Thanks to the power of repurchases, Berkshire now owns “a full 10% more of Apple’s assets and future earnings than [they] did in July 2018,” Buffett said. The total gains accrued to Berkshire have amounted to north of $100 billion.
Apple Stock Is an Excellent Investment — Here’s Why
In late 2020, Apple’s shares rose 57%, valuing the company at just under $2 trillion. In early 2021, Apple showcased impressive growth. Based on the company’s fiscal Q1 report, Apple saw double-digit growth in every product category, boasting over 1.65 million active devices. And in 2022, the trend continues in spite of supply chain constraints.
An edge Apple has is its trusted brand. Simply put, consumers trust that Apple will deliver quality software, hardware, and services. Apple has earned strong customer loyalty, which has resulted in pricing power.
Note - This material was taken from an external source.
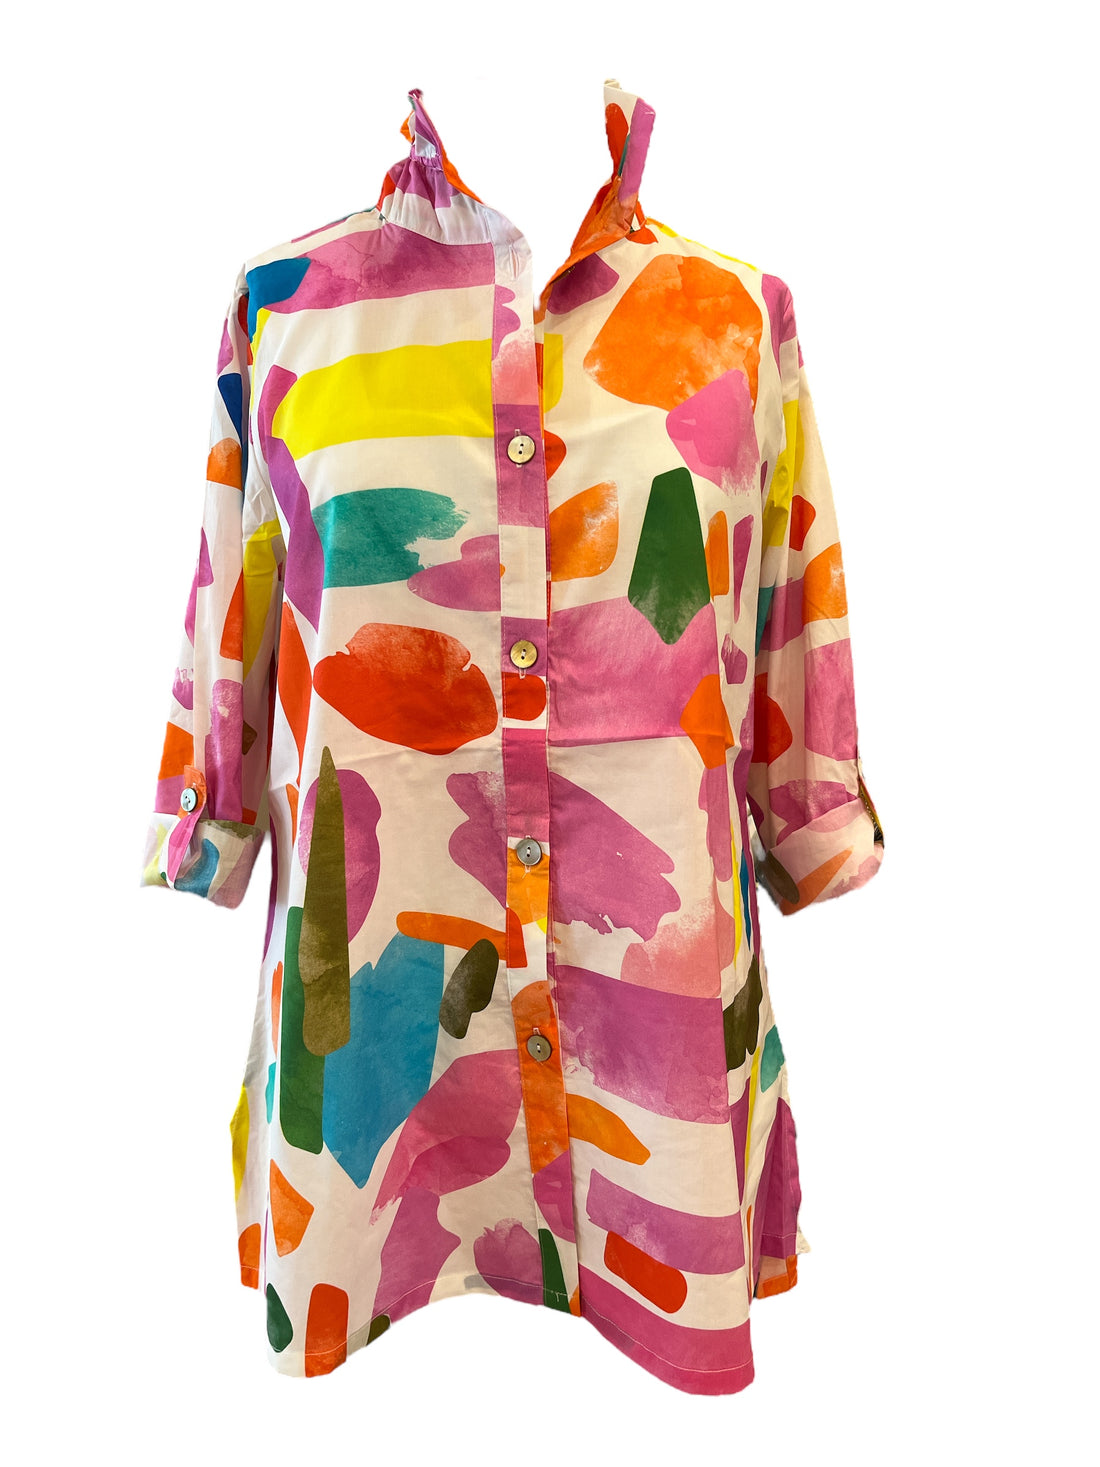 Too Fan | Vibrant Abstract Top

For example, Apple recently released a pair of headphones marked with a $549 price tag. Demand has exceeded supply.
The Top Merits of Apple, As Seen By Buffett and Other Investors
- Pricing power is something we touched on above, which is something Buffett has been vocal about. Buffett said in 2018 that he loves Apple as an investment because of the power of its ecosystem and brand. He was never interested in short-term financials. His interest in Apple is based on the millions of people who “live their lives” by Apple. He even went so far as to say that the iPhone is “enormously underpriced” — it’s worth more than the $1,000 Apple charges. The claim seems astonishing, a $1,000 phone seems pricey after all. To that argument Buffett counters, would you give up your phone for $1,000? For most, the answer is no, and that proves Buffett’s point, Apple has the power to further increase prices.
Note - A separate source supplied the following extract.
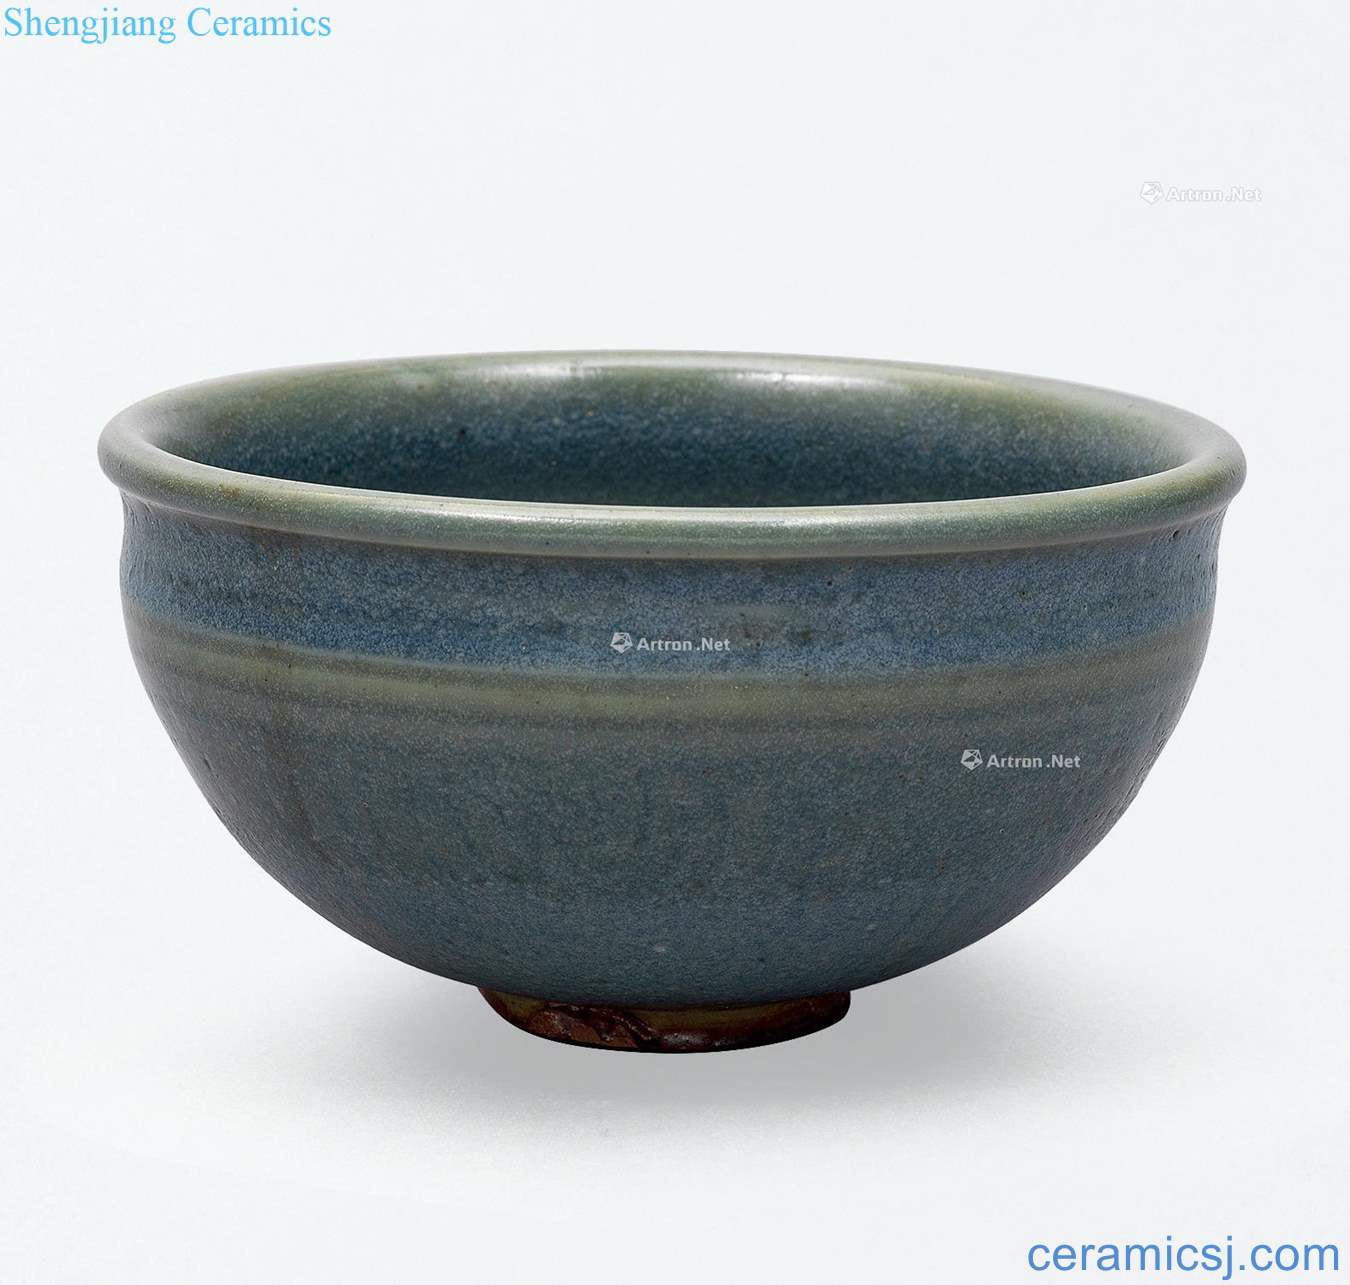 The song dynasty Yao state blue glazed pot

- Apple’s stock buyback program acts as a support system for its stock. This program has helped Apple to drive healthy earnings growth. For example, Apple could buy back 3% to 4% of its shares through 2026 without adding any net debt. Buybacks boost earnings per share by reducing outstanding share counts.
- Apple’s dividend satisfies income investors
- Apple controls the screen with its own operating system – just look at how quickly Parler’s valuation collapsed when Apple and Alphabet removed it from their App and Play stores respectively.
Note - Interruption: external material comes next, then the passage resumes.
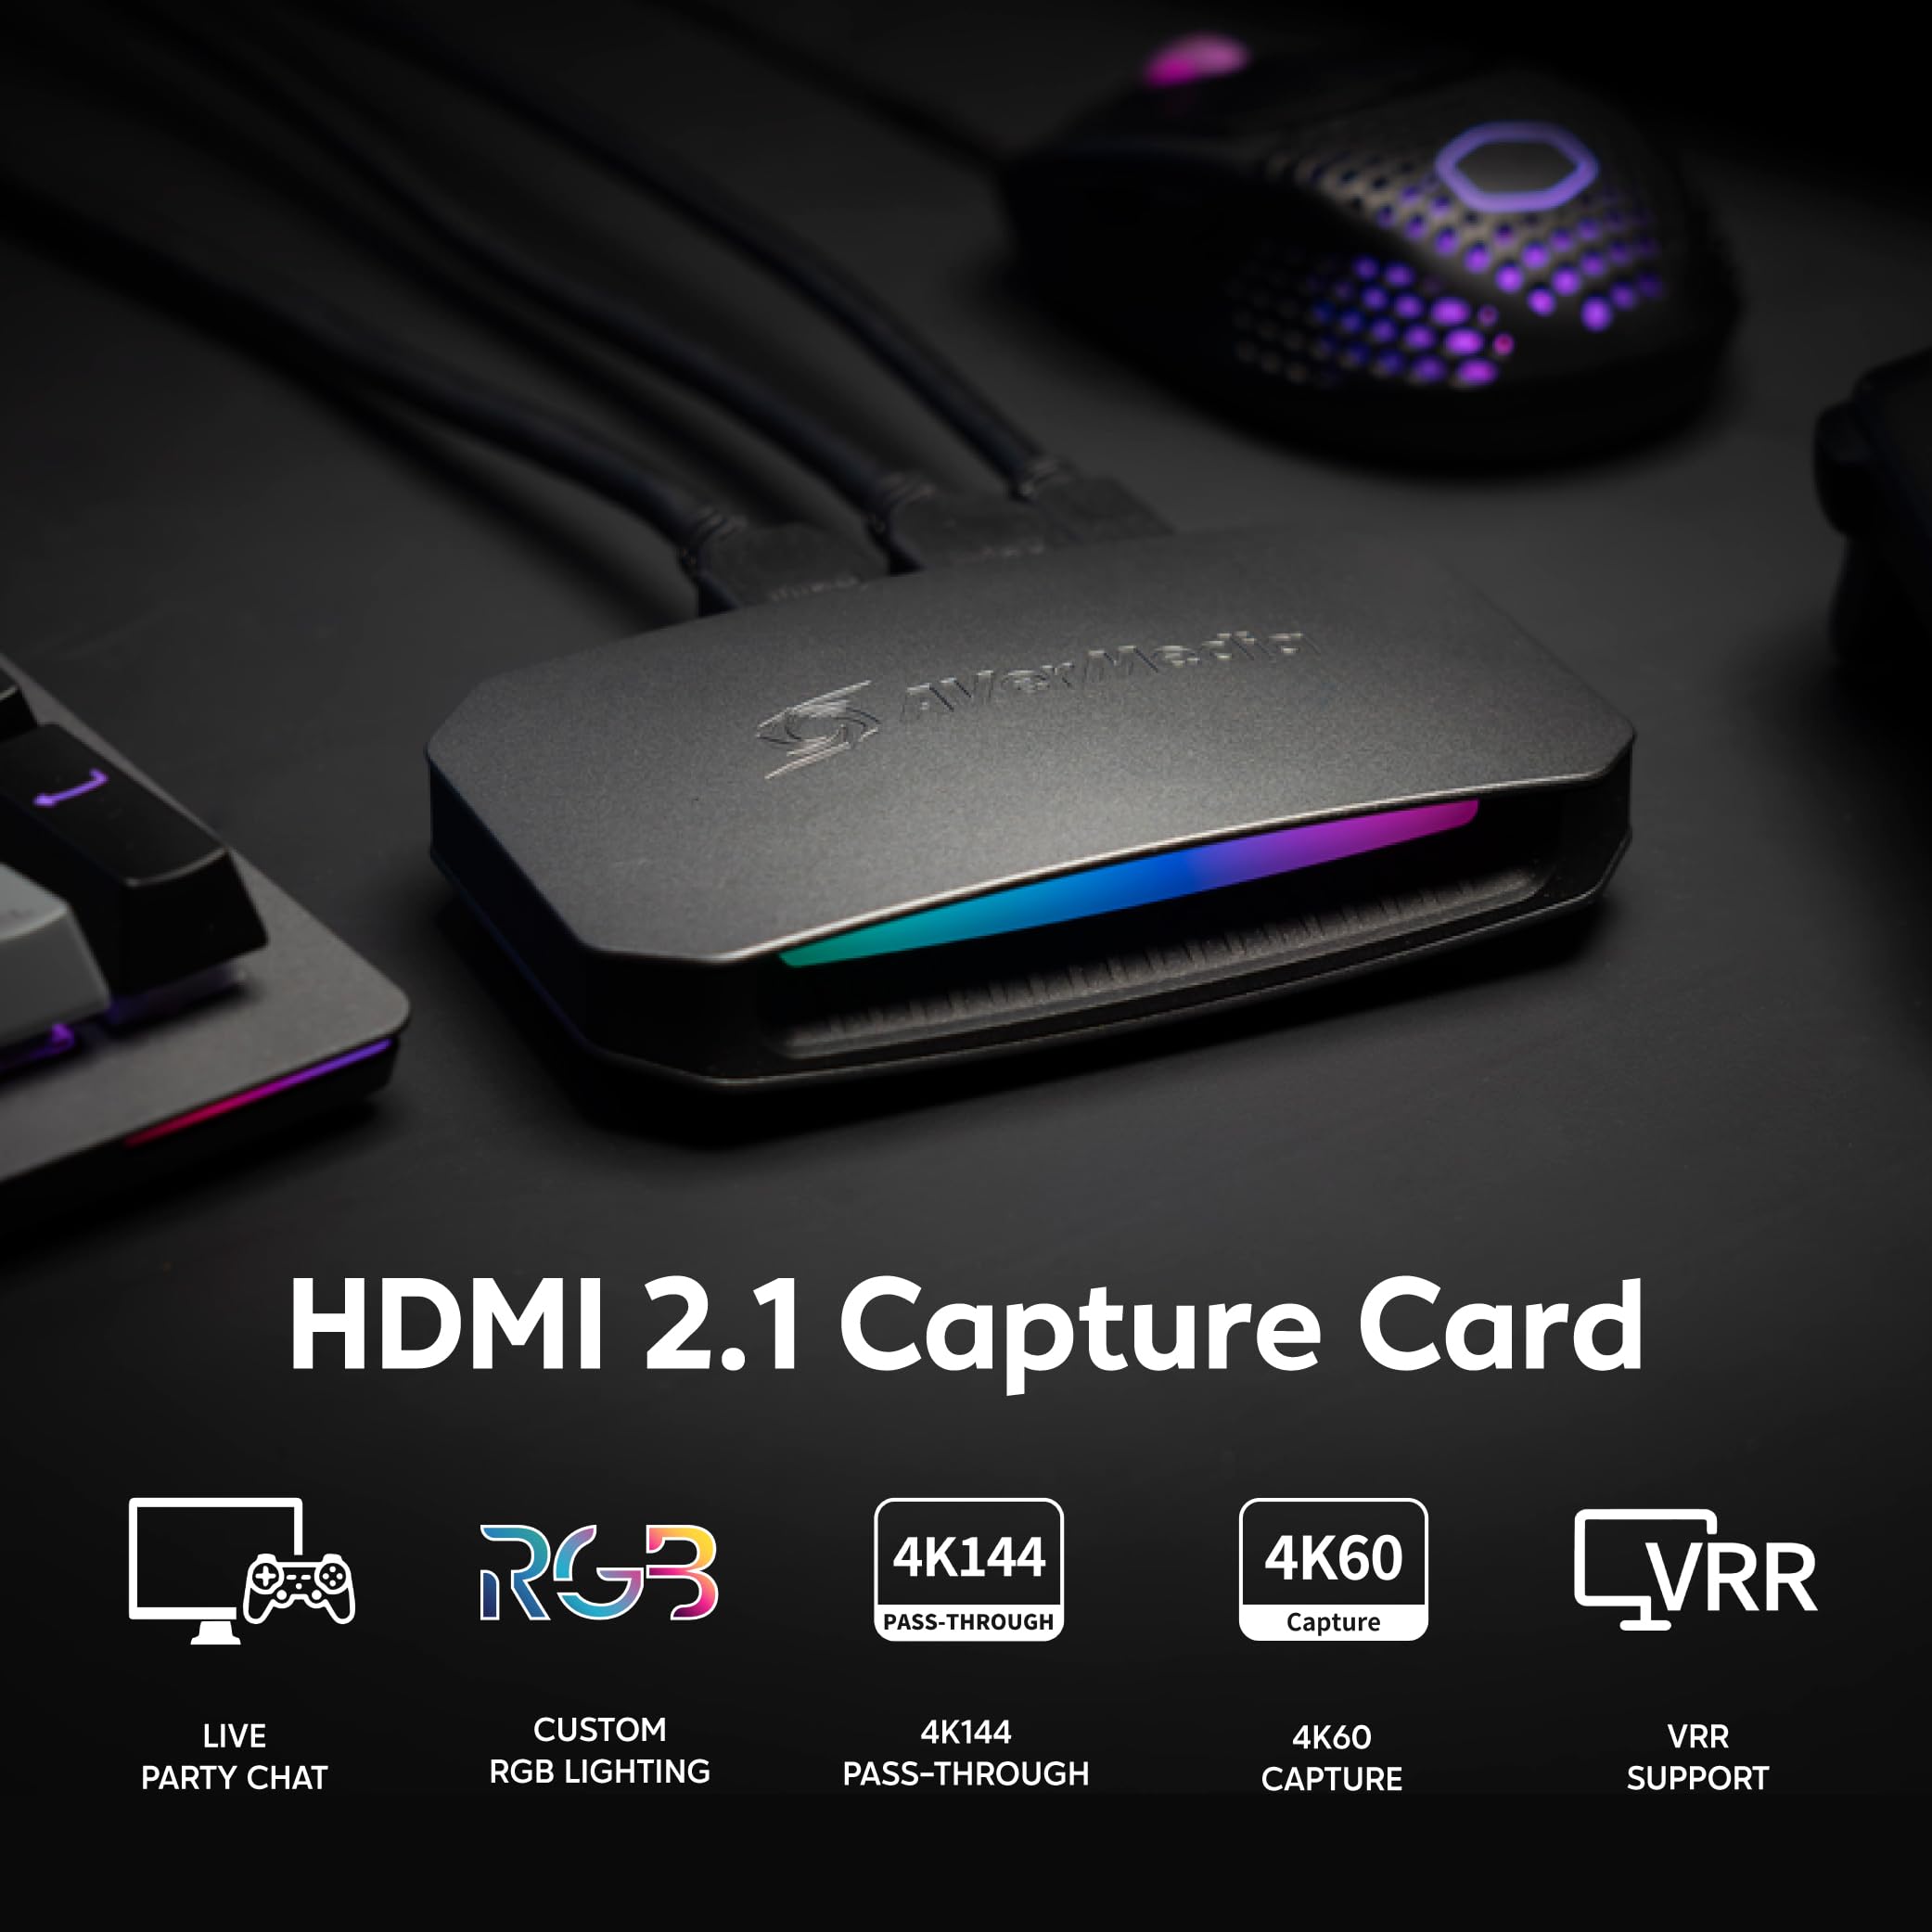 AVerMedia HDMI Capture Card 2.1 for Streaming and Gaming, VRR Support and HDR 4K Capture Card for Xbox Series x/s, PS5, Xbox One, PS4, Nintendo Switch-GC553G2 Live Gamer Ultra 2.1

What the Future Holds for Apple
In 2018, Apple became the first publicly traded American company to reach a $1 trillion market cap, hitting $2 trillion just over two years later, and the company is showing no signs of slowing down. Indeed it recently hit a $3 trillion market capitalization.
The Apple Car is being described as the company’s “next star product” and will likely be marketed as a very high-end model. There has even been talk of Apple’s secret satellite project. These satellites would be dedicated solely to Apple-related data, allowing for faster transmission.
All that said, there’s a clear reason Buffett has allowed Apple to grow as large as it has in Berkshire Hathaway’s portfolio. Apple is a company that continues to grow revenues and profits through all economic cycles. The lesson is clear from Buffett. Even if you invest in a great company long after the story is known, the opportunity to make a lot of money still exists.